• _Exercise brief_:
Could you write out the listing below exactly as it stands, leaving out the pictures?
======== Provided data ========
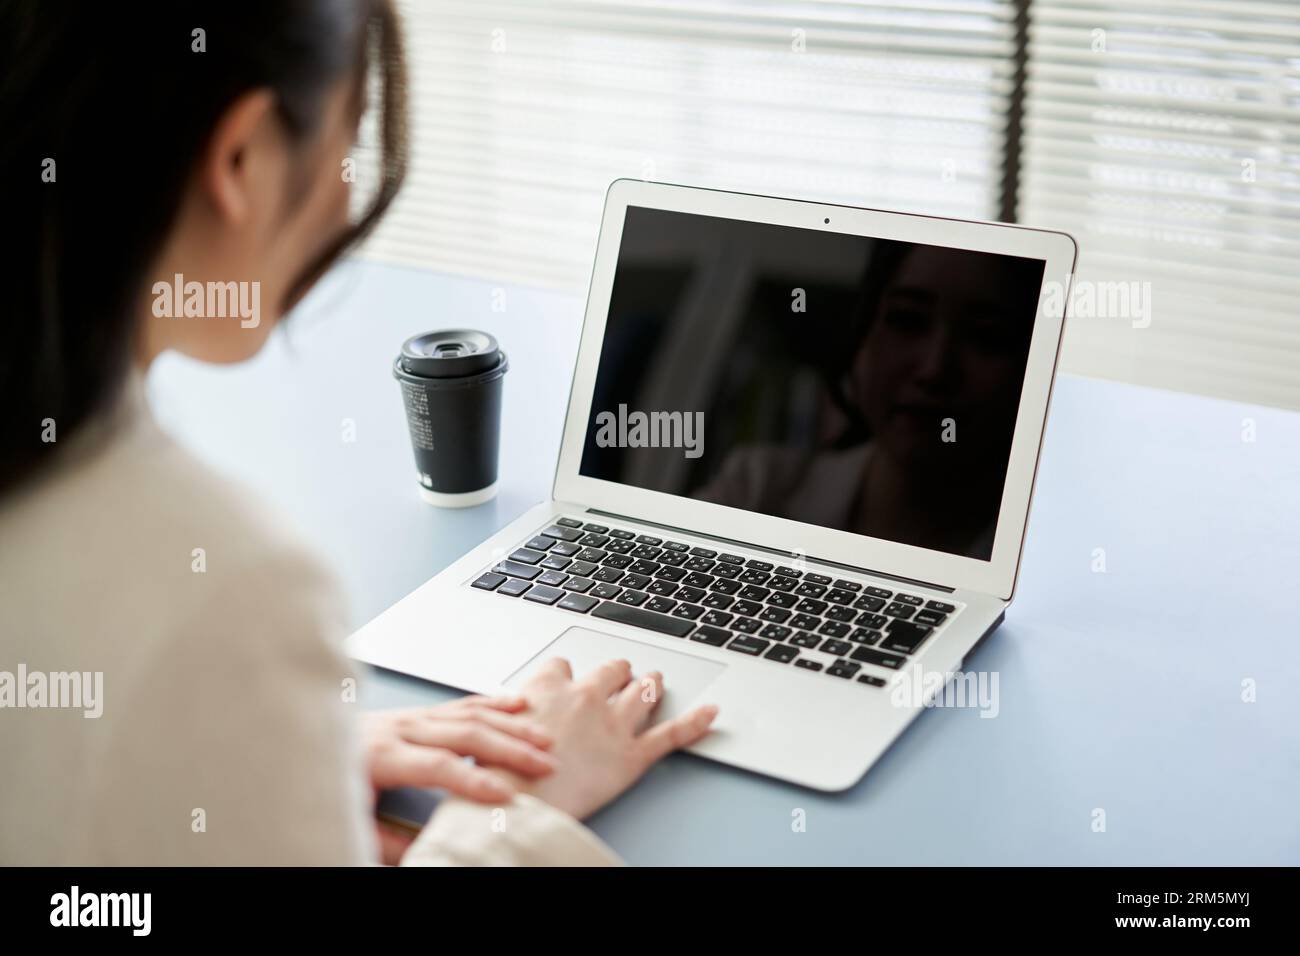 Asiatische Frau, die einen Laptop bedient Stockfoto
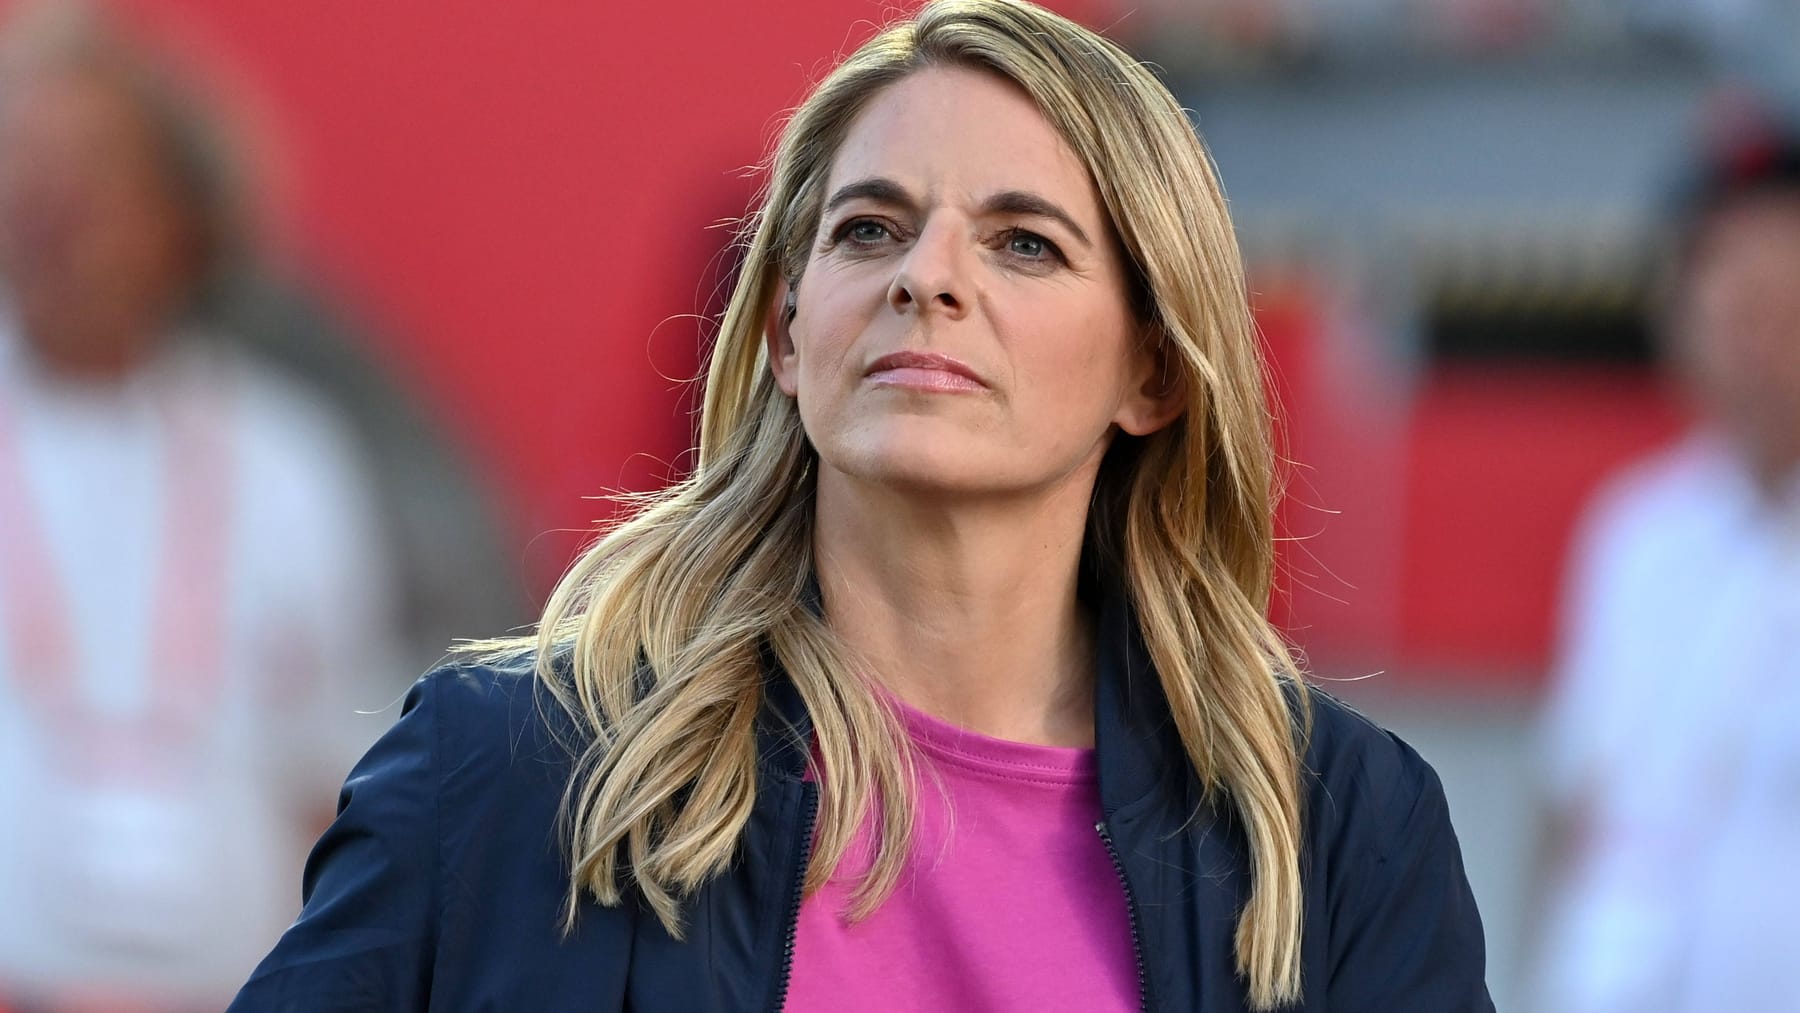 Piłka nożna kobiet: Była mistrzyni świata Kunzer zostaje dyrektorem Niemieckiego Związku Piłki Nożnej
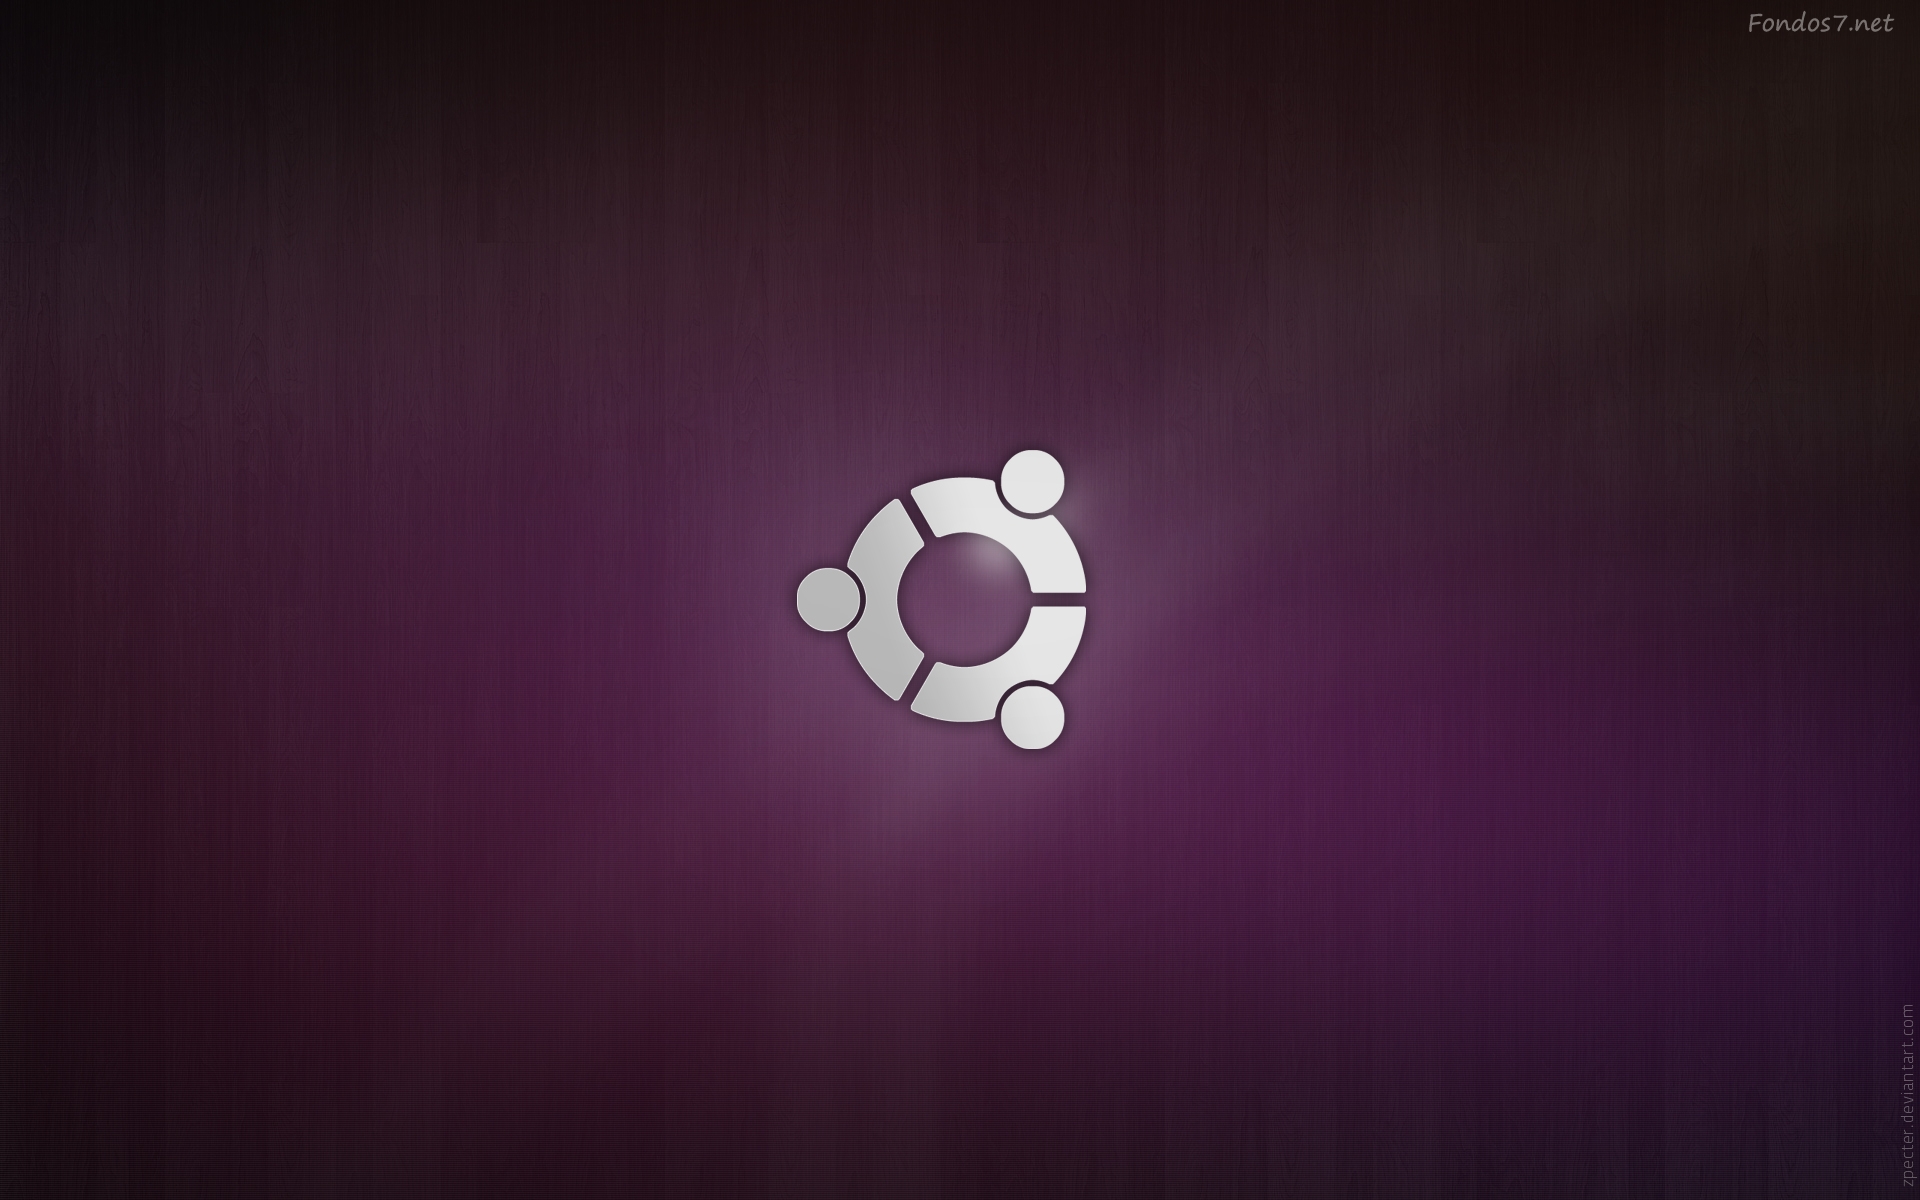 Final Linux Ubuntu Wallpaper Widescreen Fondos7
========
• _Output_:
 Asiatische Frau, die einen Laptop bedient Stockfoto
 Piłka nożna kobiet: Była mistrzyni świata Kunzer zostaje dyrektorem Niemieckiego Związku Piłki Nożnej
 Final Linux Ubuntu Wallpaper Widescreen Fondos7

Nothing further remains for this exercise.